# Iseq - Falling



## phoenix_n (28 Nov 2006)

Does anyone know what is happening to the Irish Stock market. Looks like every share is falling especially one particular financial institution bank.

Wondering if stock brokers have wind of something.


----------



## Guest126 (28 Nov 2006)

Weren't nearly all global indices down yesterday because of the dollar weakness?


----------



## room305 (28 Nov 2006)

This happens frequently after a strong run.


----------



## zac (28 Nov 2006)

it cant go up every day, went from 8000 to 9000 in no time, needs a breather.


----------



## phoenix_n (28 Nov 2006)

zac said:


> it cant go up every day, went from 8000 to 9000 in no time, needs a breather.


 
Maybe but wondering why it is across the board.

Wonder if someone could explain this to me. On davy.ie when you look at a share there is _bid price_ say 20euros, and and _ask price_ of say 21euros.

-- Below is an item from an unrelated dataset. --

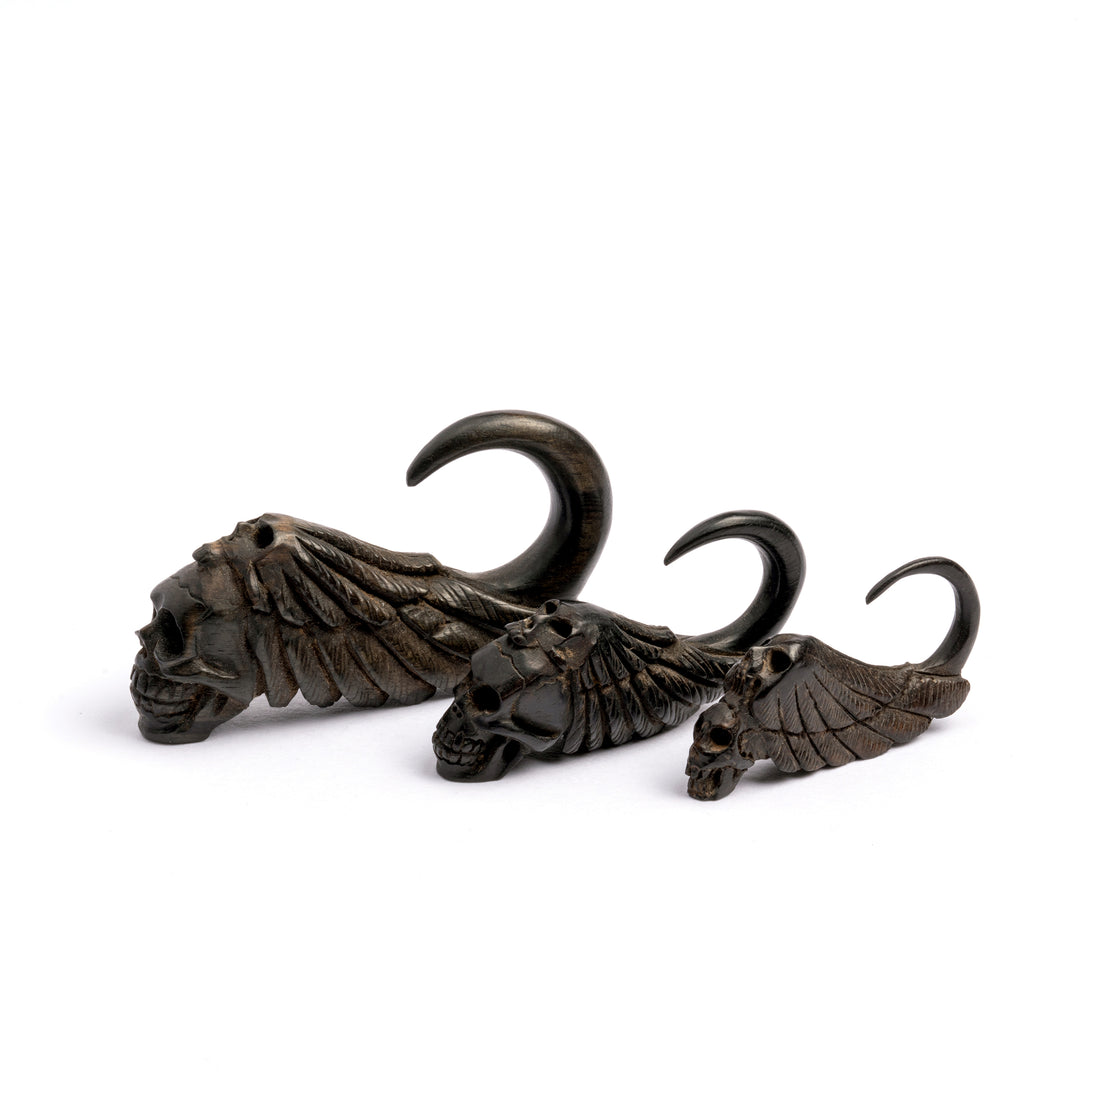 12g, 6g, 2g black wood winged skull ear hangers right side and front view

Is the bid price what someone wants to buy the share and the ask what the other party is offering....?


----------



## Brendan Burgess (28 Nov 2006)

The stockmarket tends to have a fairly random pattern about its overall upward movement. There might be rumours about interest rates or exchange rates which prompt a move. Journalists have a tough time explaining the moves and often put it down to profit-taking. 

I have not heard of any one-off issue which caused a problem today. The best source of breaking business news is http://www.rte.ie/business/

Brendan


----------



## baby_tooth (28 Nov 2006)

there is a general convern with regard to assets, especailly those ones connceted to companies exposed to either oil, ur the dollar, be them us companies or euro companies exporting their.

Dollar is starting, what many think is a slide to correct its trade deficit.

But as Brendan said, there is alot of randomness to stock market movement, as well as a  herd mentality.


----------



## Guest126 (28 Nov 2006)

A market maker quotes two prices:

Bid Price is price at which maker maker will buy the share.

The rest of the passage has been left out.